I have a sore back, twisted knee and a smile wide enough to hurt my cheeks and I blame it all on the Reverend. What a bloody album!

The album starts safely enough with ‘’Days Of Depression’, Amos singing over a dark picked guitar with handclaps and the beautiful voices of the Blind Boys of Alabama gradually turning the gospel up and then BAM! He rocks into ‘Brand New Man’, all horns and pounding beat and I’m dancing around the room just like my chiropractor told me not to.
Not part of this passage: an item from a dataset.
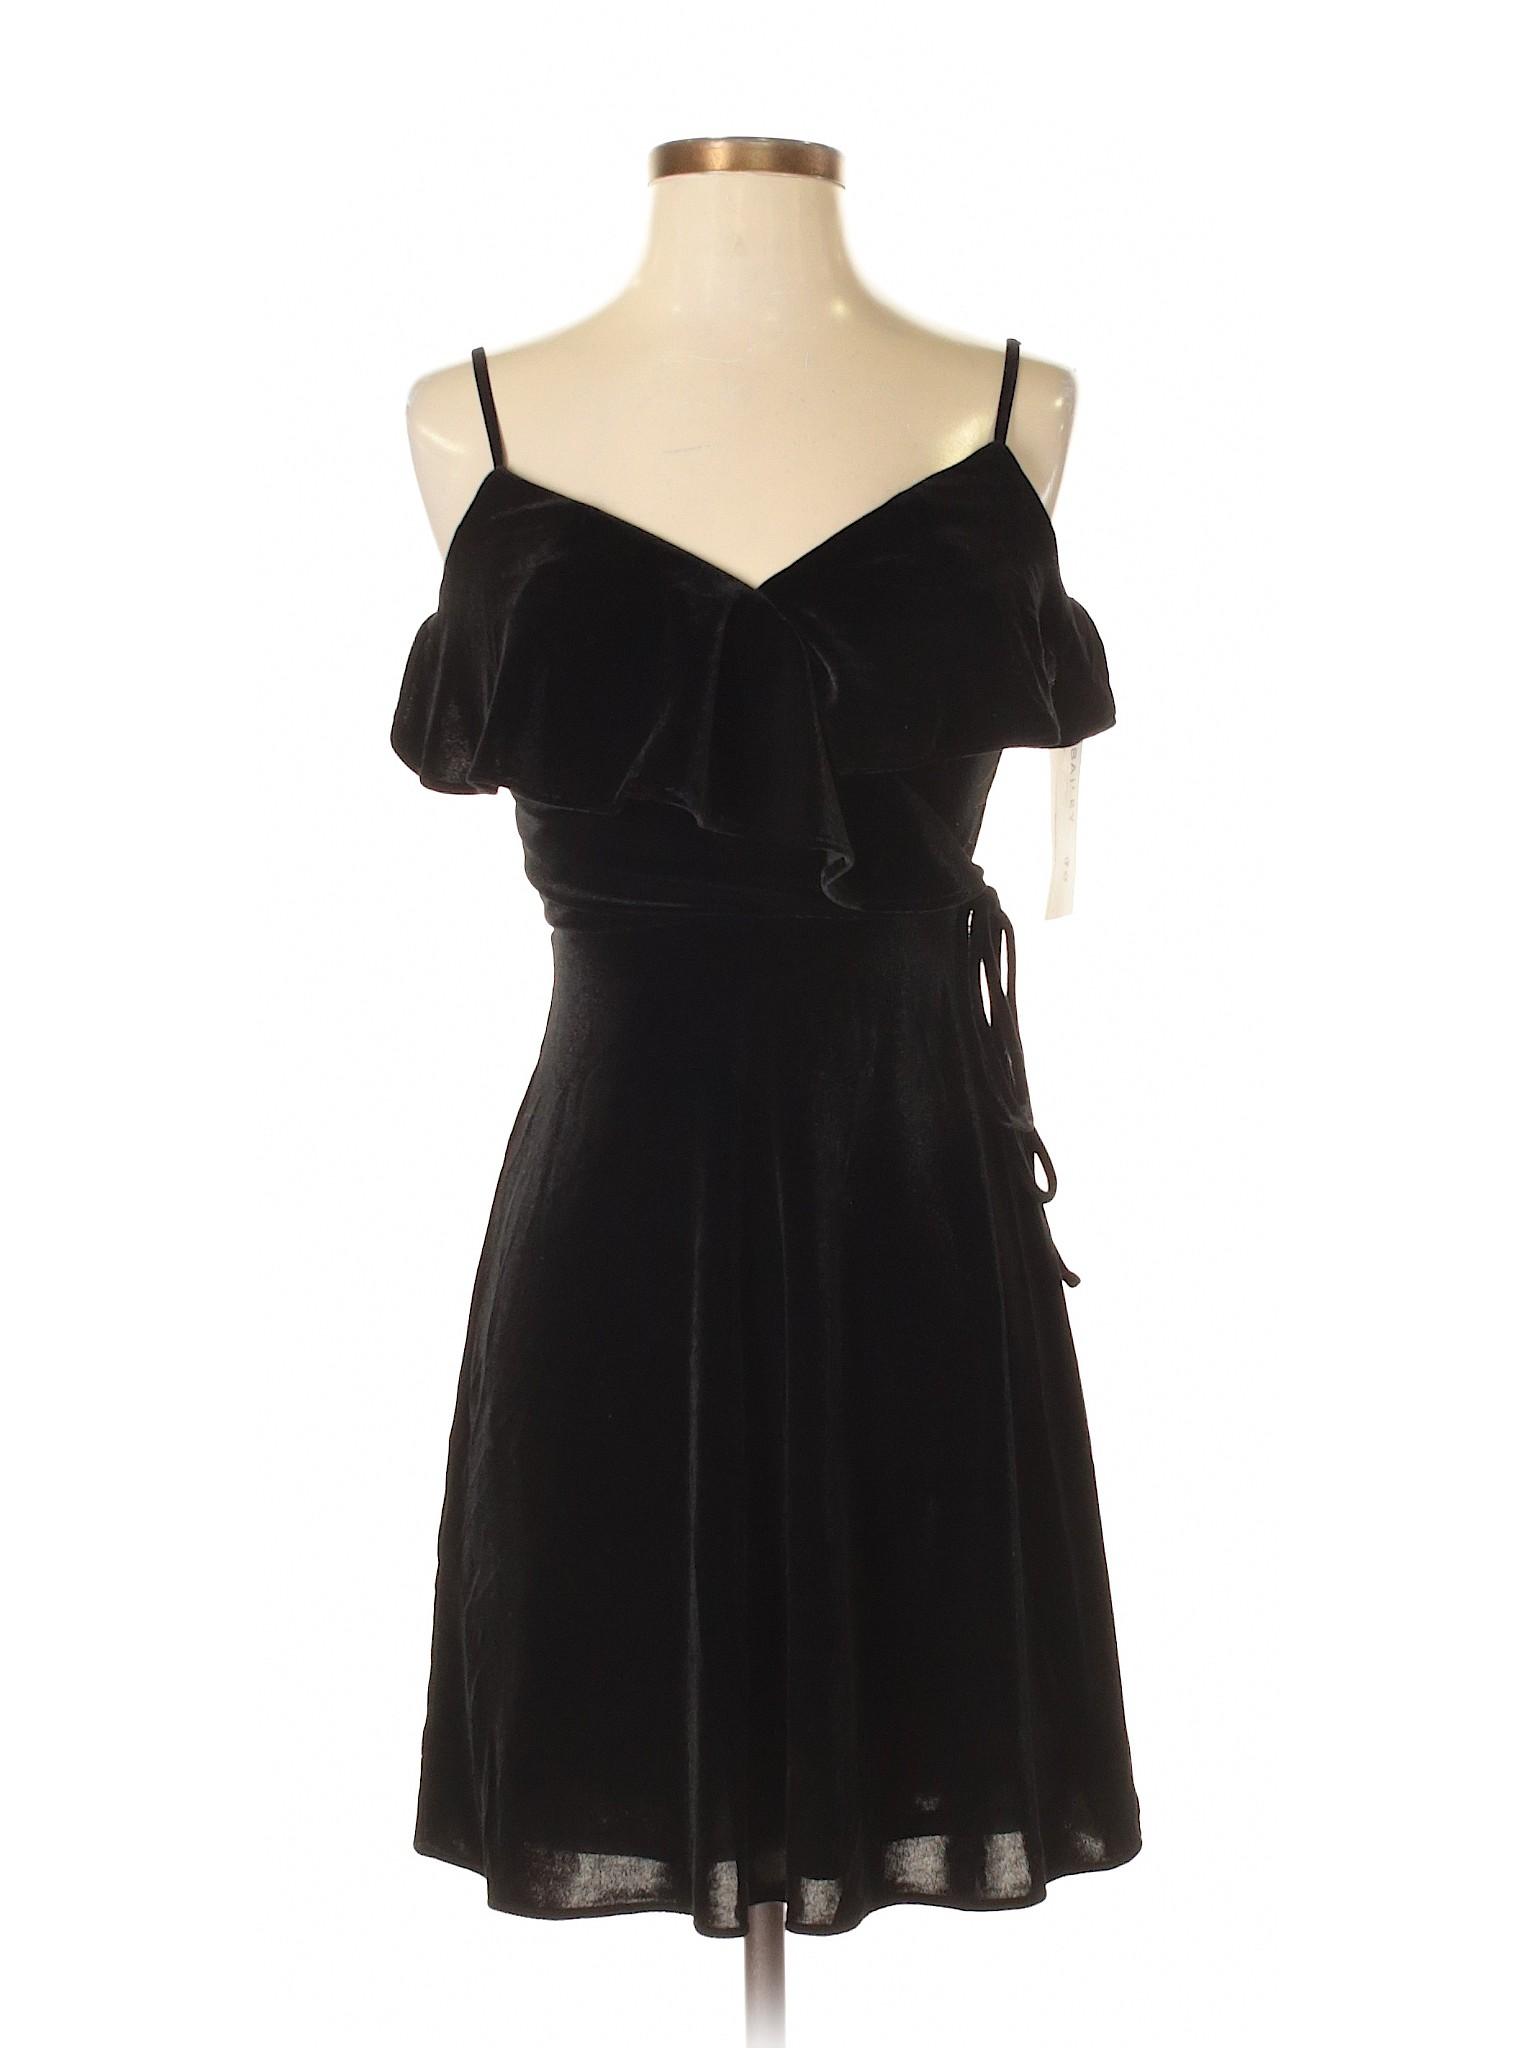 44 Bailey Casual winter Dress Boutique 7vqYwEz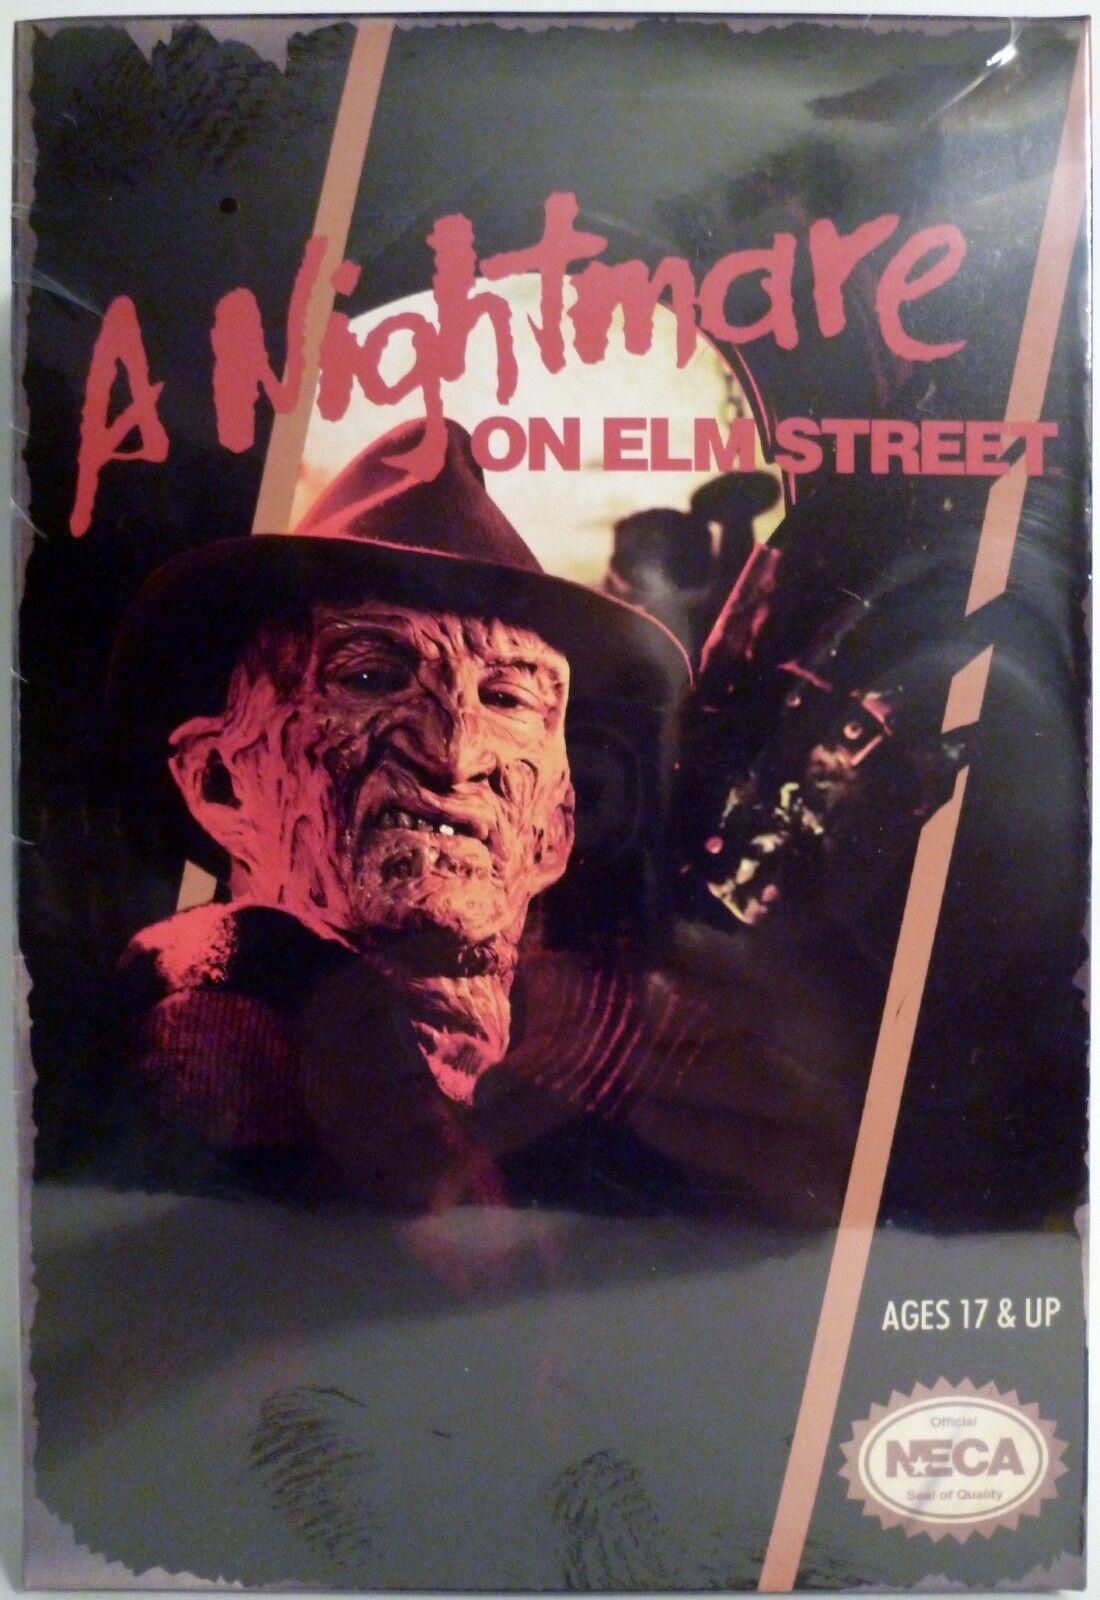 FROTDY KRUEGER A Nightmare on Elm St. 8-bit NES Video Game 7

Screaming guitar solo and, oh .. those horns.

Then he continues with the heavy, heavy boogie beat on the appropriately titled ‘Boogie’ before swinging into a seriously groovy ‘Brothers Keeper’ – heavy soul with a great Muscle Shoals groove.
Then there is the joy of ‘You’re Gonna Miss Me (When I Get Home)’ – a brilliant Blues with a humungous sense of funk about it and some great harmonica.

If you get the impression that this is a special album – well it is!

Amos has had a hard life – growing up with whores, pimps and drug dealers as well as a seriously mentally ill mother. He grew up musically playing sax and singing with a succession of bands before getting caught up in the LA riots after the ‘Rodney King verdicts’ and going off in very different directions to the Blues and R&B he had been playing.
All of that hardship comes over now in his music but in a positive way. Music of power and passion and completely immersed in the music of his origins.

Listen to a number like ‘Joliet Bound’ – a shuffle Blues about the injustices of the court system but still with a sense of self-pride that lifts the song well away from the darkness of the theme.
Or ‘Outlaw’ – funky and hard edged and with a chest out and proud vocal. And more of those sumptuous horns against a stunning guitar line.

His version of Jimmy Reed’s ‘Bright Lights, Big City’ is a wonderful, sleazy Blues with great vocal from producer Mindi Aboir.

I seriously adore this album, it is a certainty to be one of my picks of the year and definitely one of the highlights of the last few months.